ABSTRACT
Neuroinflammation affects dopamine metabolism and produces a set of symptoms known as sickness behavior, including fever, anhedonia, anorexia, weight loss, decreased sociability and mobility, and cognitive impairment. Motor and cognitive impairments related to sickness behavior are associated with dopamine (DA) metabolism imbalance in the prefrontal cortex. Lipopolysaccharide (LPS) administration induces neuroinflammation and causes sickness behavior in mice, while physical exercise has anti-inflammatory properties and may attenuate sickness behavior and DA impairment. We investigated the effect of exercise on DA levels and sickness behavior induced by LPS in mice. Adult Swiss male mice (8–10 weeks, 47.1 ± 0.7 g, n=495) performed six weeks of voluntary exercise in free-running wheels (RW group) or had the blocked wheel in their cages (sedentary, SED group). After six weeks of exercise, both groups received an intraperitoneal injection (i.p.) of either saline (SAL) or LPS (0.33 mg/kg, i.p.). All animals were submitted to behavioral tests for sickness behavior assessment (fatigue, locomotion, anhedonia, and social interaction). Neuroinflammation markers and DA metabolism were assessed in the prefrontal cortex. LPS administration provoked anorexia, body weight loss, impaired motor function, social withdrawal, and anhedonia. This sickness behavior was accompanied by reduced cortical DA metabolism and its metabolite, 3,4-dihydroxyphenylacetic acid (DOPAC). Neuroinflammation was confirmed through increased levels of the proinflammatory cytokines IL-1β and IL-6. Inflammation was also confirmed in the blood by an increased content of IL-1β. Physical exercise intervention prevented animals from neurochemical, biochemical, and behavioral alterations. These findings provide new evidence of physical exercise’s potential as an environmental approach to treating neuroinflammatory conditions.
INTRODUCTION
Normal levels of inflammatory cytokines are essential for brain neurocircuitry maintenance [1]. However, exacerbated and chronic inflammation and excess of inflammatory cytokines affect neuronal integrity and the monoamine neurotransmitter system in the brain, producing a range of behavioral disturbances consistent with dopamine (DA) function changes [2]. Sickness behavior is a set of symptoms induced by increased inflammatory cytokines due to viral infections, neuroinflammation, or even immune trauma [3–8]. Sickness behavior’s primary symptomatology is fever, anhedonia, anorexia, weight loss, decreased sociability, mobility, and cognitive impairment [9, 10]. Although sickness behavior has been described as a conservation-withdrawal behavioral state due to metabolic constraints [11], its symptoms impair general activity, quality of life, daily and professional activities [10]. Motor and cognitive disturbances of sickness behavior are associated with DA metabolism imbalance in the prefrontal cortex [12–16].

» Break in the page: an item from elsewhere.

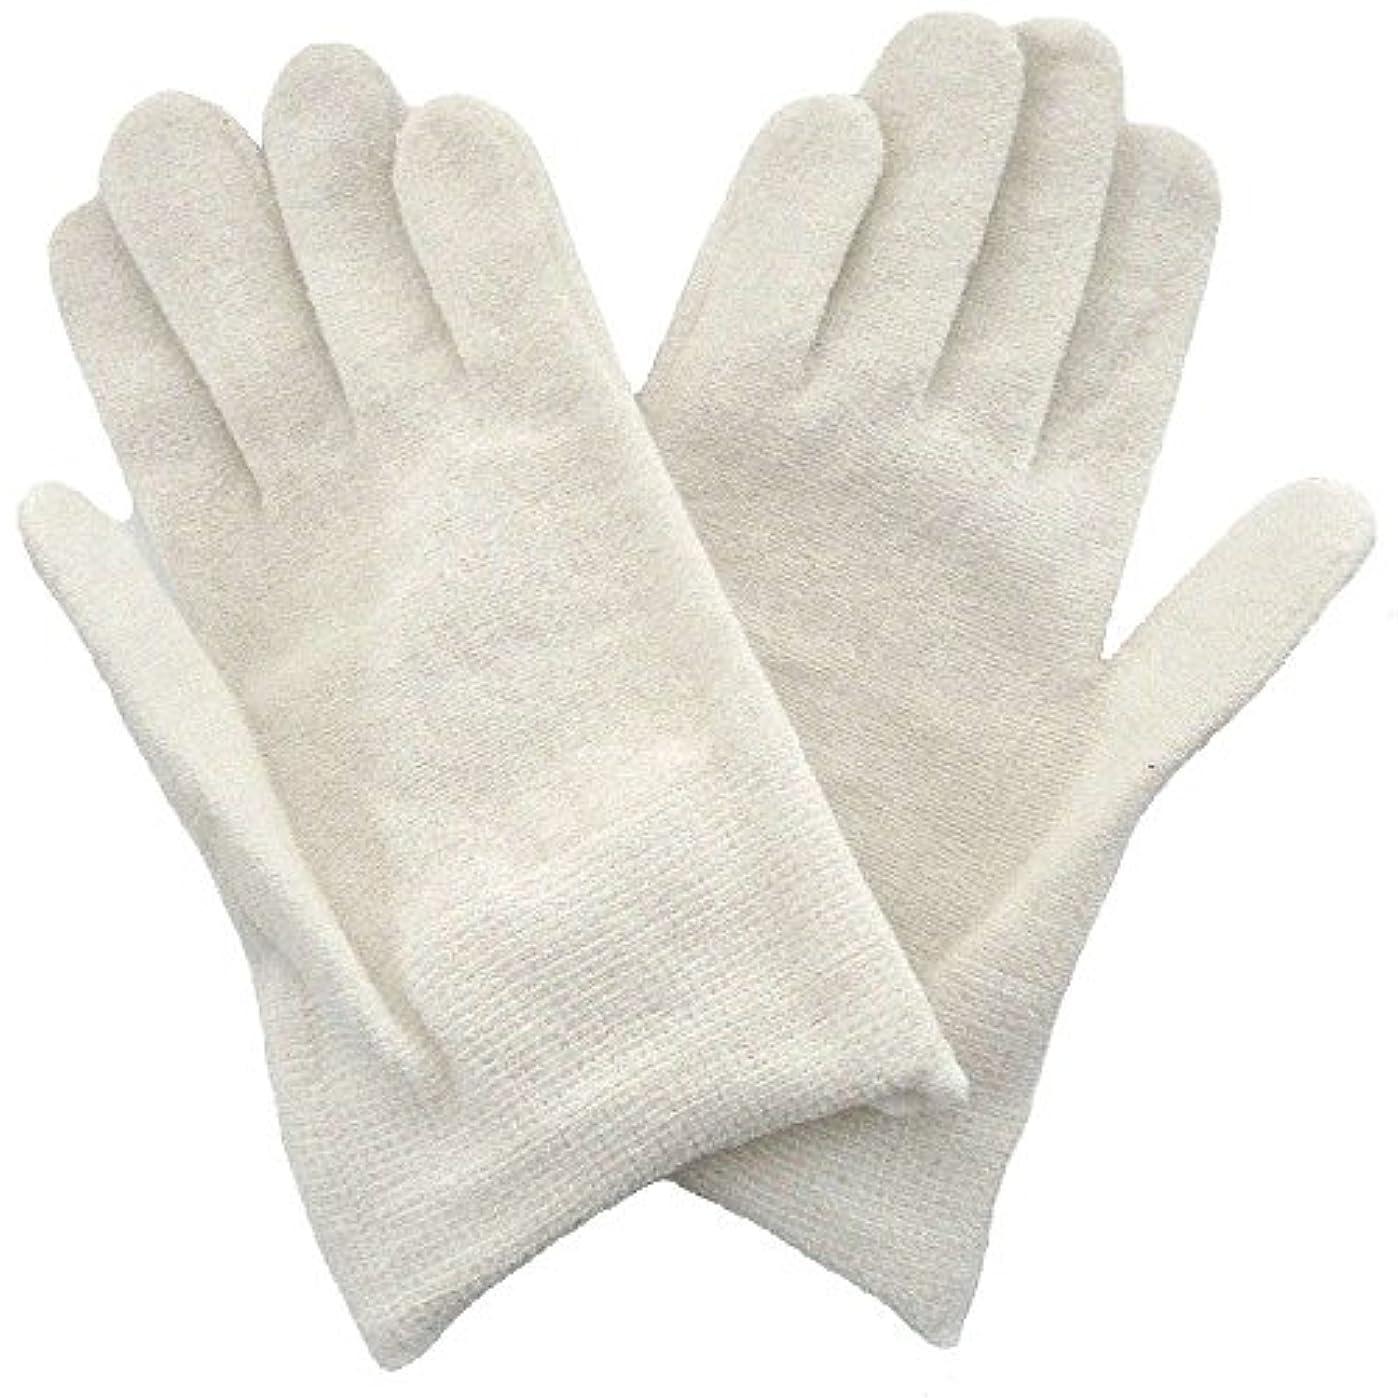 【アトピー】【水疱瘡】【皮膚炎】 ナノミックス おやすみ手袋:キッズ用 ホワイト

Lipopolysaccharide (LPS) is an endotoxin present in the outer membrane of Gram-negative bacteria [17] that increases the concentration of proinflammatory cytokines interleukin (IL)-1β, IL-6, and tumor necrosis factor-α (TNF-α) in the central nervous system (CNS) [8, 10, 18]. Neuroinflammation is a common mechanism in the pathogenesis of several neurodegenerative and psychiatric diseases, e.g., Alzheimer’s disease and Parkinson’s disease [16, 19, 20]. Proinflammatory cytokines may affect multiple aspects of DA neurotransmission, including DA synthesis, reuptake, or DA packing and release, reducing DA function [1]. Basal ganglia-mediated fatigue and decreased mobility are resistant to treatment with classical stimulant medications that increase dopamine transporter (DAT) mediated DA release and/or block DA reuptake, indicating cytokine effects on DA function may impair or avoid the mechanism of action of pharmacological treatment [21].
Regular exercise contributes to brain health maintenance [22–26] through reduction of the inflammatory response [27, 28], improvement of dopaminergic neurotransmission [29], neurogenesis, cell survivor, angiogenesis [30], mitochondrial morphology [31], and blood-brain barrier integrity [31]. However, exercise effects on LPS induced-neuroinflammation and sickness behavior are contradictory [32–35]. The literature points out conflicting data on TNF-α response in exercised LPS-treated animals [36, 37]. Because these studies were carried out on a treadmill, we evaluated the effect of a light-intensity voluntary exercise protocol using running wheels (RW). Exploring the effects of physical exercise on sickness behavior will provide insights about complementary strategies to pharmacological interventions in the treatment of neuroinflammatory diseases [10, 38]. Further understanding of how neuroinflammation affects DA metabolism will enhance our knowledge of neuroinflammatory conditions’ behavioral consequences.
MATERIALS AND METHODS
Animals and running wheel (RW)
Adult Swiss male mice (8–10 weeks, 47.1 ± 0.7 g, n=495) from the Central Facility of Federal University of Santa Catarina (UFSC) were used. The UFSC Animal Care and Use Committee (IACUC) approved the research (protocols IACUC-PP10616 and PP10519). The animals remained in the mouse vivarium of the Biochemistry Department of UFSC. They were housed in polypropylene collective cages (38 · 32 · 17 cm) lined with wood shavings, inside ventilated cabinets (Alesco Ind, Monte Mor, SP, Brazil) under a controlled environment (12h light-dark cycle, lights on at 7:00 h, room temperature 21±1°C). The access to commercial food (3.9 kcal/g, Nuvilab CR1, Nuvital Nutrientes S/A, Colombo, PR, Brazil) and tap water was ad libitum.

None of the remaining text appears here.